Collaboration relies on the leader of a team or organization to set this tone. There are many examples about the efficiency improvements of collaboration. If you consider outrigger canoe racing, most boats had six or eight paddlers with a person in the back calling the stroke rhythms. What is interesting in outrigger racing is it’s not the strongest paddlers that win but the team that is completely in synch paddling. If one person is out of synch, the effort is lost. Think of the CEO as the caller in back keeping everyone (company and management team) in synch.
Another analogy is how a Canadian geese flock always flies in a V pattern. It is interesting to watch the geese as they “slip stream” or draft off each other, much like in bicycle racing, car racing or even swimming. The goose at the head of the V is always changing; they take turns pulling the flock. In the geese world, the V formation allows them to be 15% more efficient. Meaning that as a collaborating team they can travel farther and faster, than on their own or not working together.

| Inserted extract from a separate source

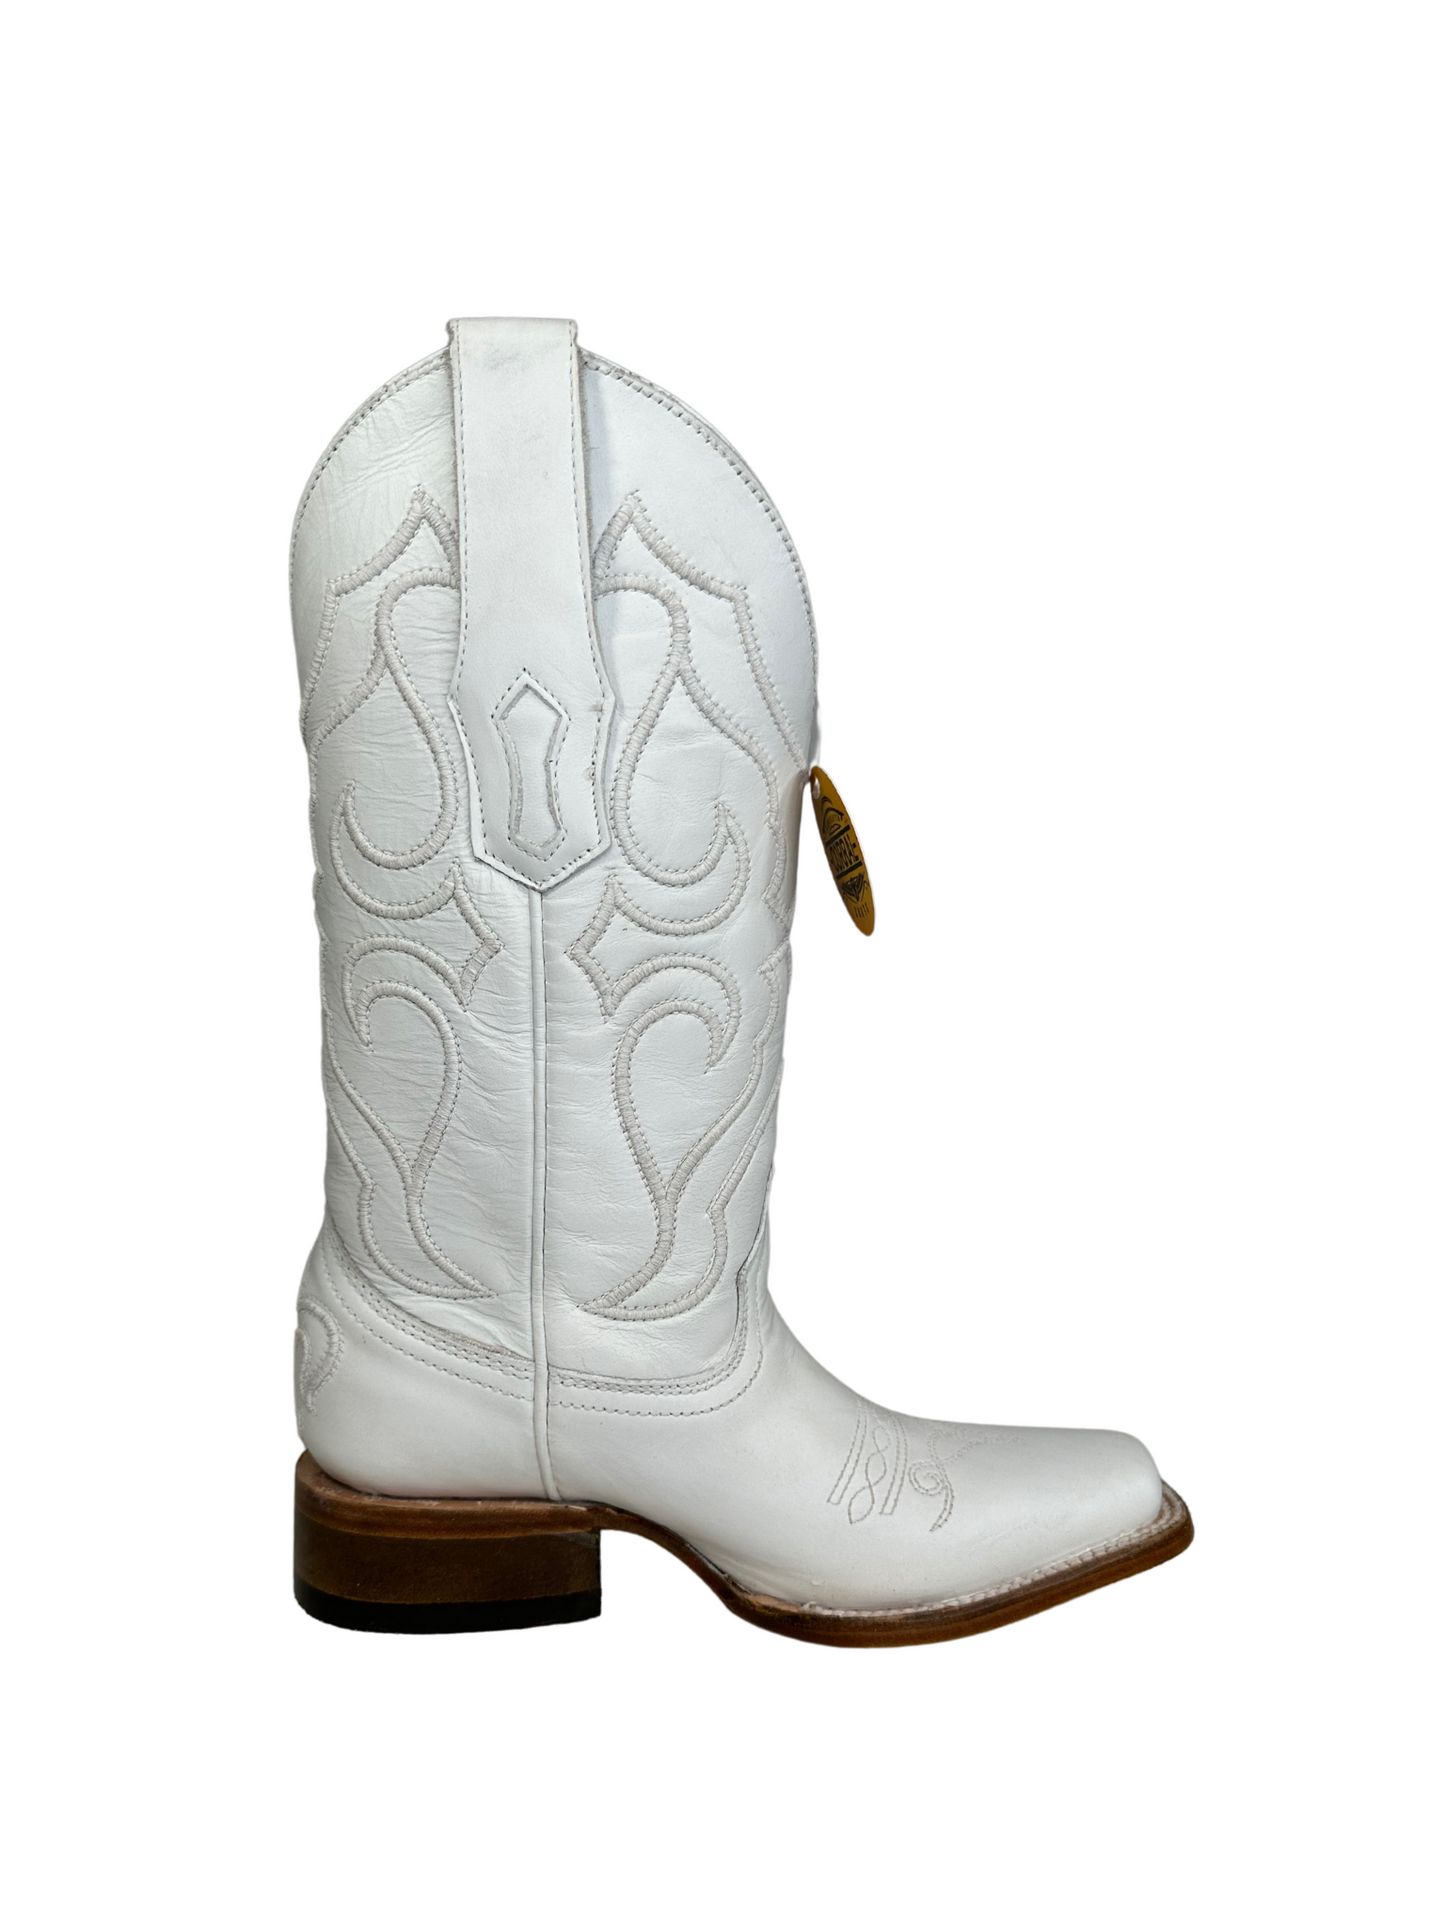 Corral Women's White Leather Embroided Square Toe Boot

Collaboration in business is a cornerstone of a high performing team. Just look at the proliferation of collaboration software tools and social networks in the last five years. Consider how sites like Facebook, MySpace, and LinkedIn allow people to connect and exchange ideas and information. Collaborating in business on a global basis was the key premise made by Thomas Friedman’s great book “The World is Flat”.
One lesson Michael has learned in business (and life) is the better you are at collaborating with people, the better your business career and the better your life will be. It is easy to say collaboration is the measure of a person in business.